How do you define a great advertisement?

I’d like to think that perfect advertising is where you don’t feel like you’re trying to be sold something, further, that you hardly feel like it’s an ad but more a creative solution or interpretation for the use of a product. Good advertising should sub-consciously evoke an emotion and aim to build a temporal relationship through association with the audience.

What are the challenges of designing for commercial purposes?

Often I feel that the primary challenge for designers, in designing ads, is the client. The client understandably has a vested interest in the product and often feels like certain boxes need to checked in the order to fulful the purpose of the advertisement, i.e. the ad needs to express x number of the products attributes all within the 30 second spot or a billboard. A fair claim as a lot of money goes into producing the product as well as developing the ad and purchasing the advertising space. It’s a classic case of ‘Could you please make the logo bigger’. Contrasting to this, we as designers long to create something iconic, memorable and pleasing to the eye. Very few agencies around the world can effectively balance all the points in the brief accompanied with good advertising.

What does the cooperation between numerous persons (copywriters, art directors, creative directors, artists) which are need for designing an advertisment look like?

Generally the best way to approach this is to collaborate together on this rather than to work on it in separate stages. I find that working collectively to resolve the copy and execution reduces problems further down the track eg. a style guide is created but the illustration/image clashes with the guide/copy/layout. Further, working together on these elements often allows for a more creative approach on harmoniously incorporating all the design elements.

What is your opinion about the numerous renowed advertisement awards? Are they neccessary? Do they create a bigger competition?

I’m in two minds about this. Firstly, I feel that recognition amongst your peers is something that we all yearn for, whether we like to admit it or not.
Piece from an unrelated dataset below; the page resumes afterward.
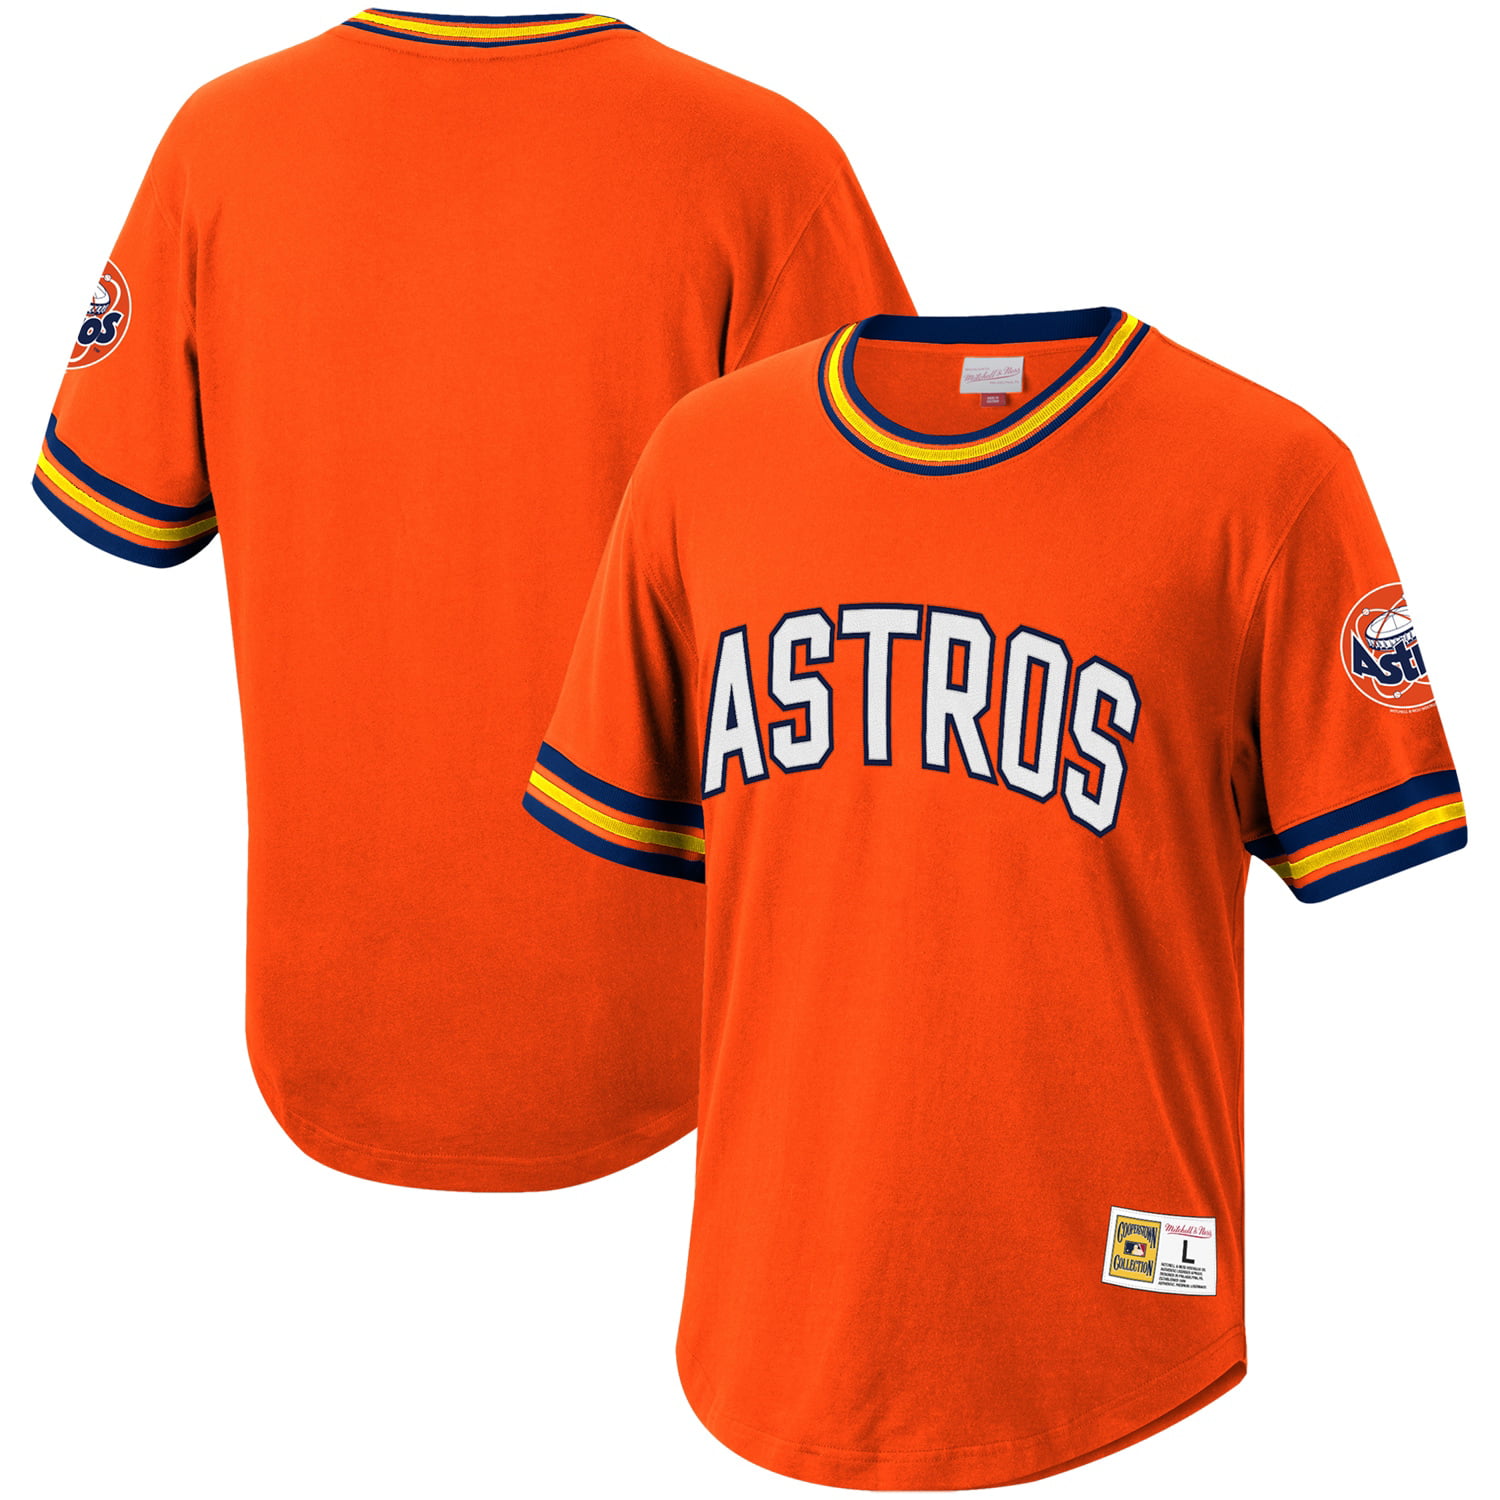 old astros jersey

It might be nice that a random person from the public appreciates your ad but a panel of judges who are experts in your industry appreciating your execution can often speak volumes about your talent and expertise. On the contrary, good ads and how they are gauged are incredibly subjective. Whilst an ad might serve well in dramatically increasing sales, it could be creatively flat, or visa versa; these circumstances question the grounds on how we measure good advertising or if they can be measured at all.

How can we imagine working for ad agencies? Can you generally bring in all you creativity or are your ideas often restricted by clients?

This branches off my primary challenge with advertising. Often this depends upon your client and how open they are to hearing you interpretations. A lot of the larger brands contract their marketing to agencies who, often create the concepts for a campaign, and then pass on their concepts to studios/freelancers to realise them. If this is the case, trying to implement your own ideas can leave you fighting a tangle of bureaucracy as things need to go back and forth in order to be approved. That being said, I feel that scenarios differ from job to job; there might be an agency who have defined an idea and would like it executed an specific way, whilst others might have secured a concept but would like a few approaches on how you plan to undertake the job. Nevertheless, regardless of the rules, the great designers are the ones who can still create something amazing whilst being confined to a tight brief.

What does a typical advertisement designing process starting with the client brief and ending with the client’s approval look like?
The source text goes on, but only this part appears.